John Herren’s Blog

Yahoo Pipes adds support for serialized PHP

April 3, 2008 · 18 Comments

A few days ago I sent an email to Chad Dickerson, who I’ve met at Yahoo! and had a chance to hang out with at Mashup Camp in Dublin.

Chad,

From what I can tell, if you create a Pipe and add additional fields (Shortcuts, Term Extraction), the only way to get to them in an API-like way is to use the JSON renderer. The RSS renderer removes those extra fields to follow the RSS spec. PHP supports JSON decoding, but you need a PEAR library or a quite recent version of PHP. If Yahoo supported serialized php with Pipes like you do with the other common API’s, it would be a lot easier for folks on shared hosting to work with Pipe data on the server side.
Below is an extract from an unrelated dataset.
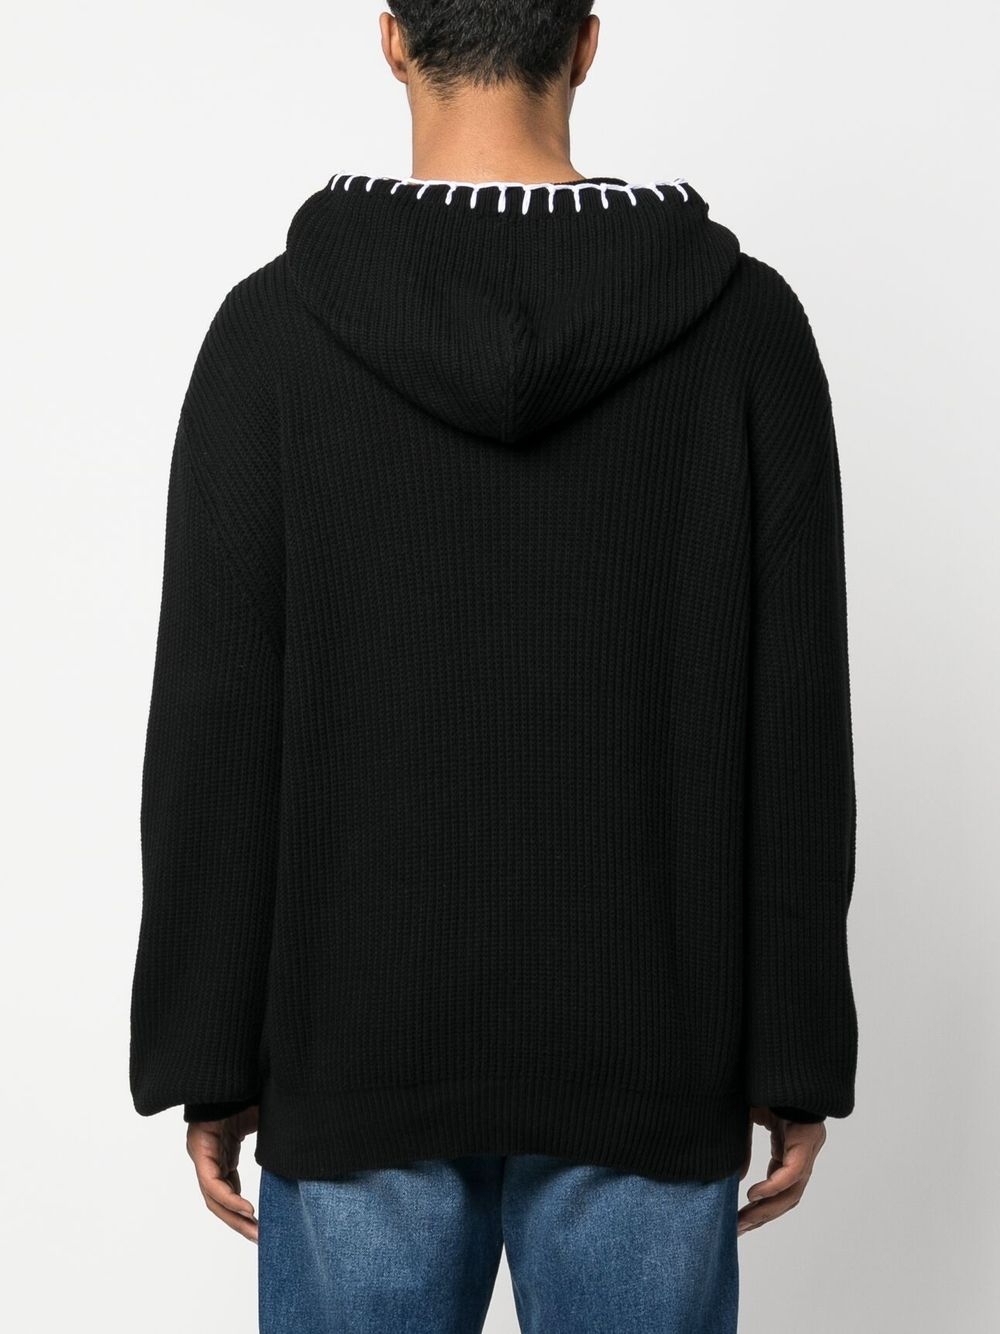 Barrow's Sweaters Black

I imagine with the new badge stuff you released that there’s a push to keep things client side, but there’s a huge advantage to rendering server-side to keep things nice and spiderable.

Short Version:

Expose Pipe results as serialized PHP. Pretty please.

Chad sends this along to the Pipes team, and less than three days later:
Pipes Blog » Blog Archive » New Yahoo Pipes PHP serialized output renderer

kick.
ass.

John Herren and Chad DickersonTwo points to be made: first, I’m damn impressed that one of the largest sites on the ‘net would roll a feature request from an outside developer in less than three days. Second, developers should never resist the urge to ask for help from an API provider. If a company is taking the time to support an API, chances are very good that they will listen to developers and react. I can personally say I’ve gotten immediate results from Technorati, Dapper, and now Yahoo!. So blow off the idea that a big website would never listen to little ol’ developer you. With that negative attitude it’s guaranteed you’ll never get it. Ask, believe, receive, right?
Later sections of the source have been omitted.